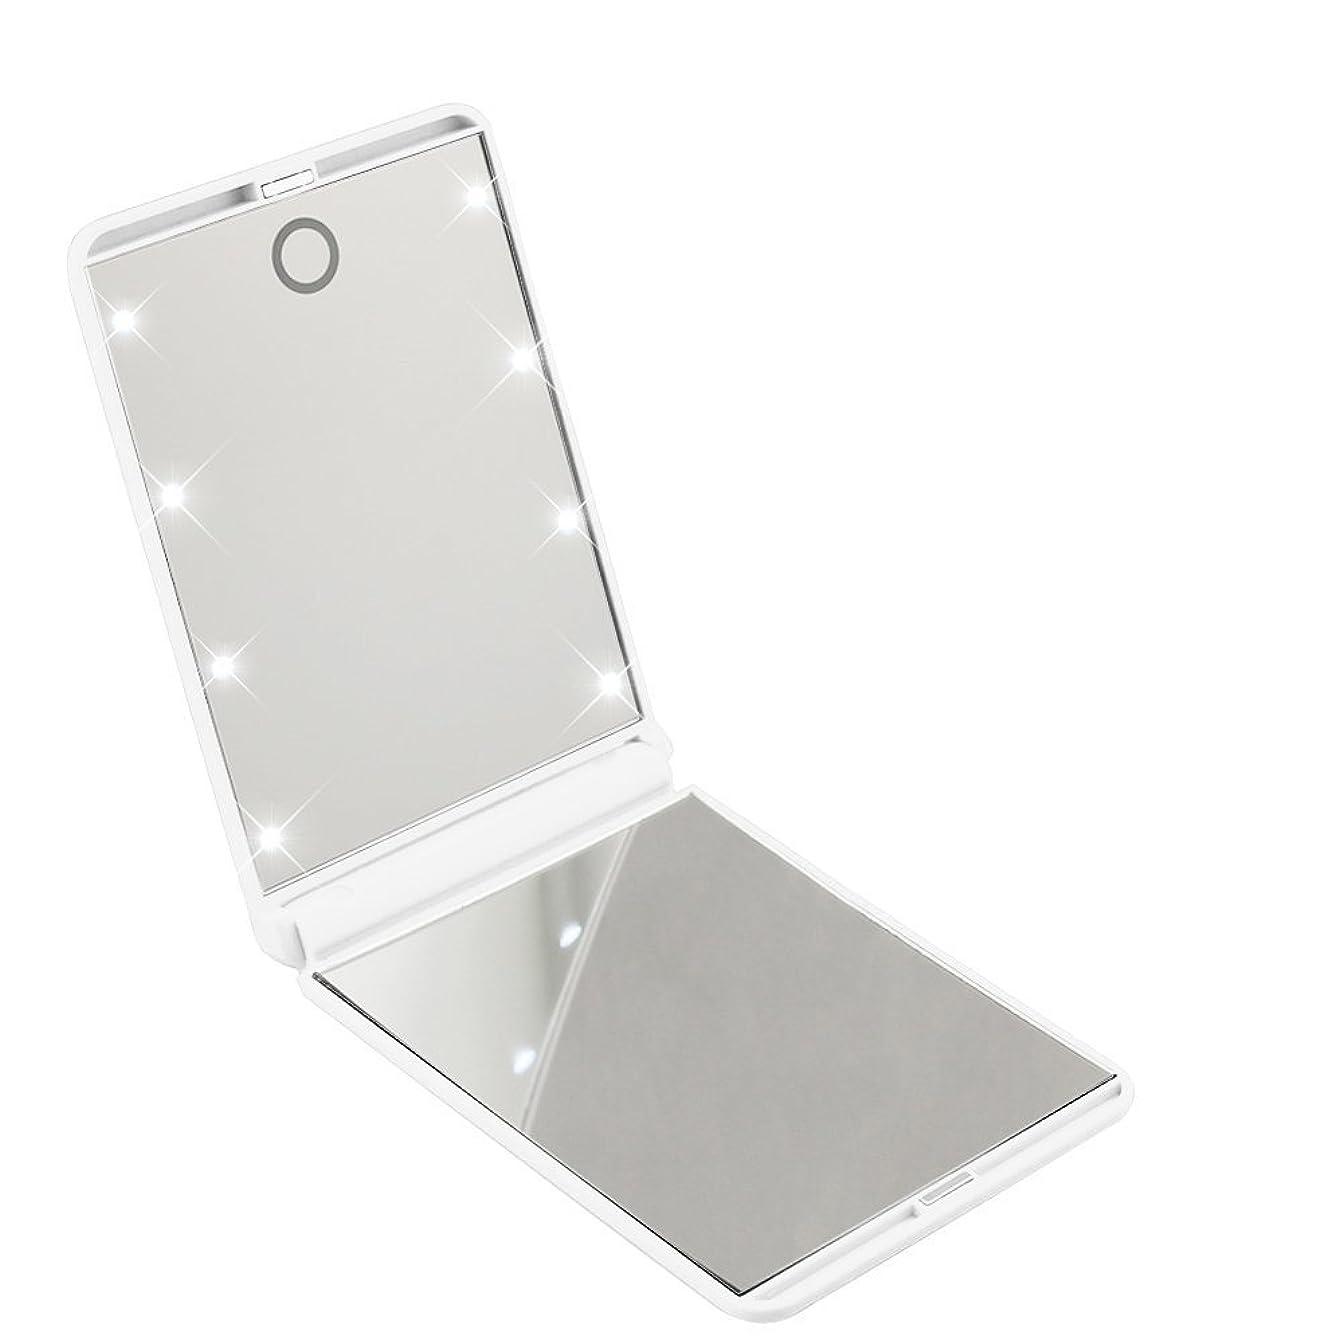 体現するロードされた契約したled化粧鏡 二面鏡 折りたたみ式 LEDライト メイクミラー 明るさ調整 コンパクトミラー 2倍拡大鏡付 ホワイト
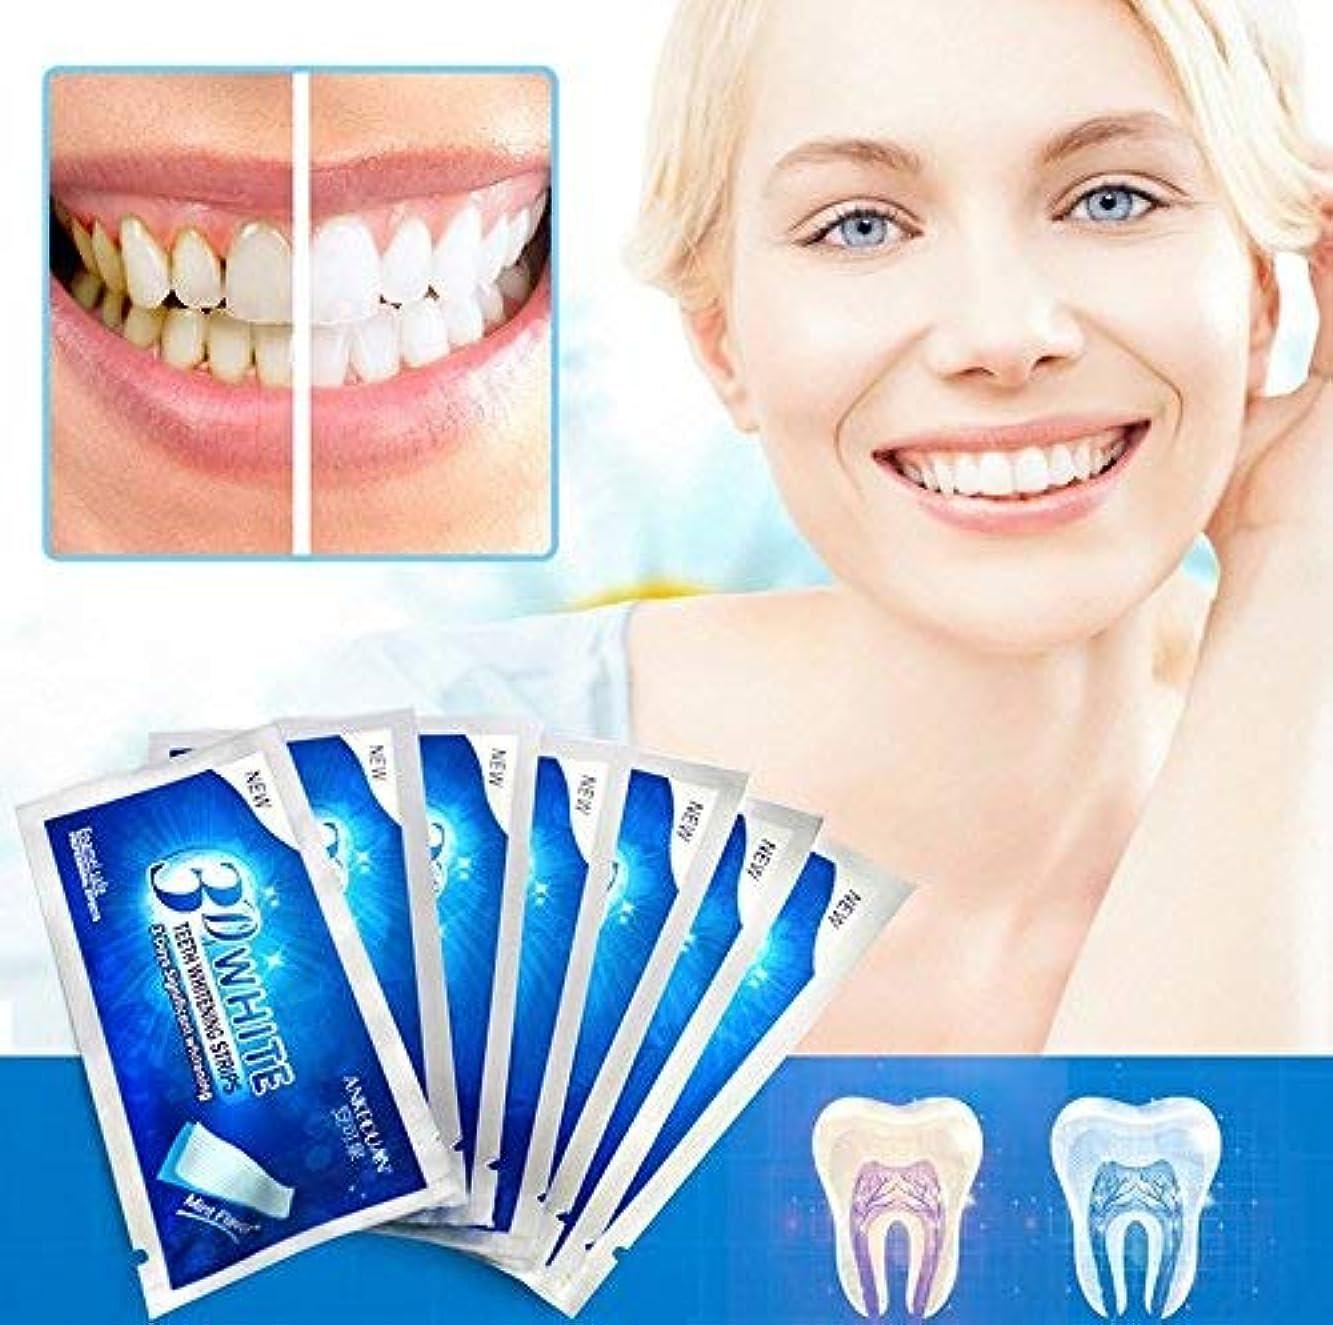 ベイビー黒板対処する歯 美白 歯 ホワイトニング 歯 ケア 歯磨き 歯マニキュア 歯を白 (14)
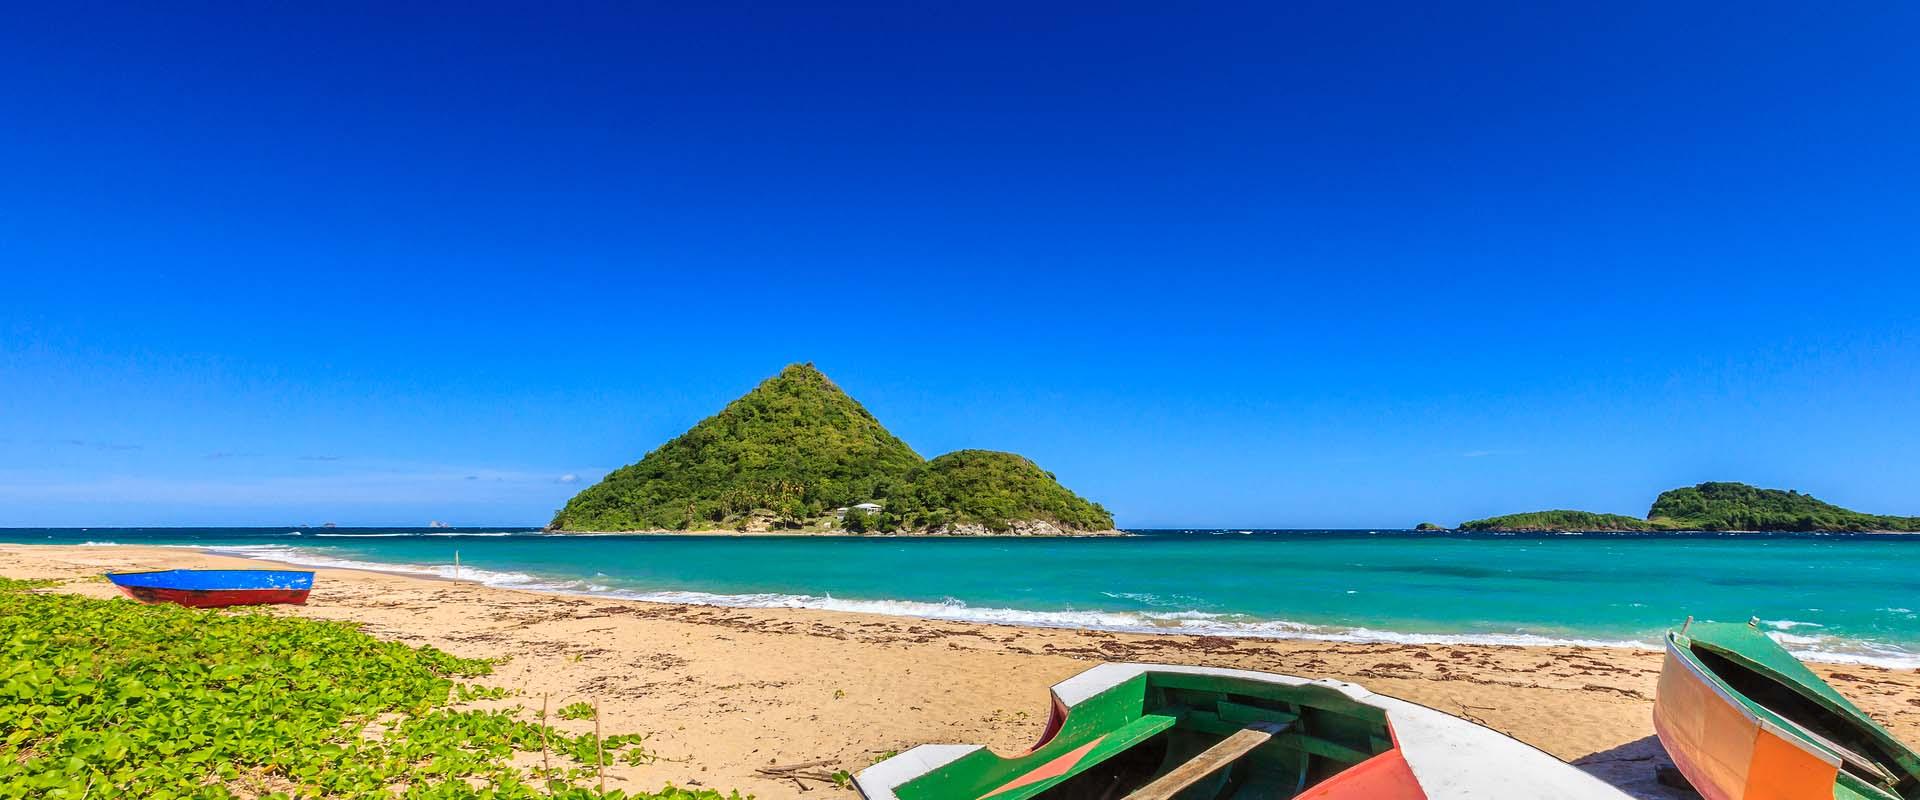 Grenada Public Holidays 2018 - PublicHolidays la
# # # #
Activity
Give the listing above again exactly, minus any images.

Expected answer
 体現するロードされた契約したled化粧鏡 二面鏡 折りたたみ式 LEDライト メイクミラー 明るさ調整 コンパクトミラー 2倍拡大鏡付 ホワイト
 ベイビー黒板対処する歯 美白 歯 ホワイトニング 歯 ケア 歯磨き 歯マニキュア 歯を白 (14)
 Grenada Public Holidays 2018 - PublicHolidays la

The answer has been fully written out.